LNC Episode 032: Lockless Thread-Safe Data Structures
Scotty and Mike discuss sharing data between threads using lockless thread safe data structures.
Download/Listen
Running Time: 55 mins 14 secs
Download Size: 51MB
Files
Episode 32 (Enhanced)
Episode 32 (MP3)
Show Notes
Guest: Mike Ash
Blog: http://www.mikeash.com
Multithreading: why we want it
- Responsiveness
- Multicore performance
- (Keep this bit short, just a quick overview)
Thread communication
- Need to communicate things between threads, otherwise what’s the point?
- Can use shared data or mesage passing
- Message passing is cleaner, easier, use it when you can, but not universally applicable
- Example: passing a parameter to +detachNewThreadSelector:…

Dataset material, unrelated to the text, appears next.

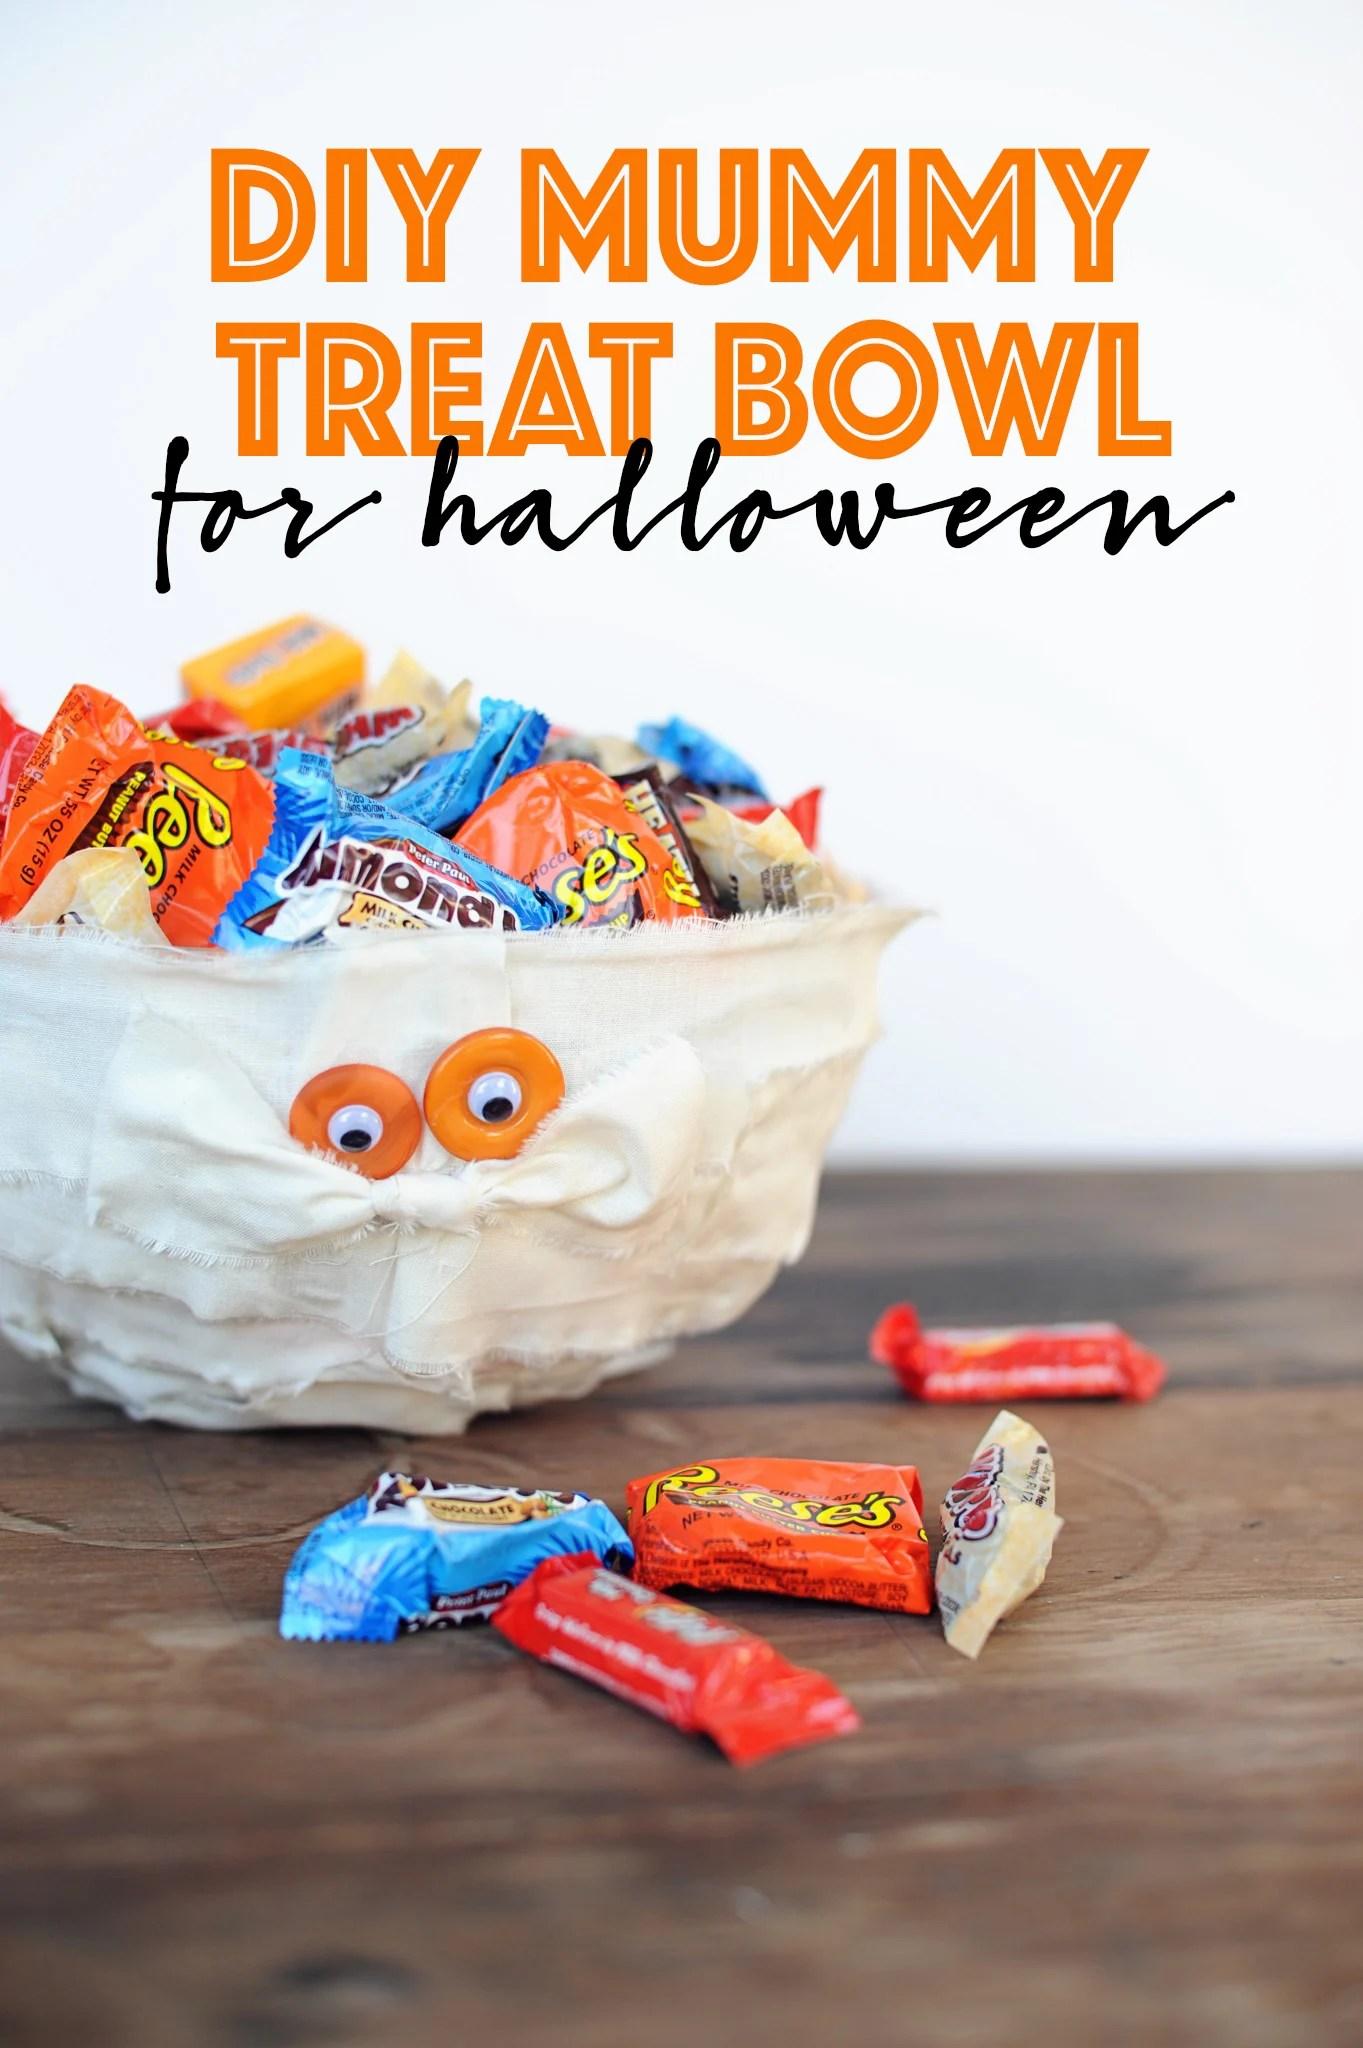 diy mummy bowl for halloween

- Example: performSelectorOnThread:
- Example: Distributed Objects
- Shared data is dirtier, tricker, but often more efficient, sometimes easier to design
- Example: progress count
- Example: shared work item array
Protecting shared data
- What happens when we don’t
- Example: shared array gets corrupted and crashes
- Example: x++ loses updates if multithreaded with no protection
- The standard solution: locks
- NSLock, @synchronized in Cocoa
- Advantages
- Reasonably straightforward, sometimes
- Blocks (stops using CPU) if lock is held by another thread for a long time
- Good built-in support, lots of documentation, tutorials, and guides
- Disadvantages
- Deadlocks
- Blocks (stops making progress) if lock is held by another thread for a long time
- Expensive when contended
- Must make system calls, context switches, sleep and wake the thread
- Areas protected by a lock are effectively single-threaded, only use one core
What is lockless
- Simple, shared data with no locks!
- But we saw why this fails, how do you make it work?
- OSAtomic.h
- Example: make shared x++ work with OSAtomicIncrement32Barrier
- Quick note to always use the Barrier version
Basic concepts
- Standard shared data is based around the idea of the lock
- Lockless shared data is based around the idea of compare-and-swap
- What the heck is compare and swap?
- Equivalent C function (if(*ptr == old) *ptr = new;)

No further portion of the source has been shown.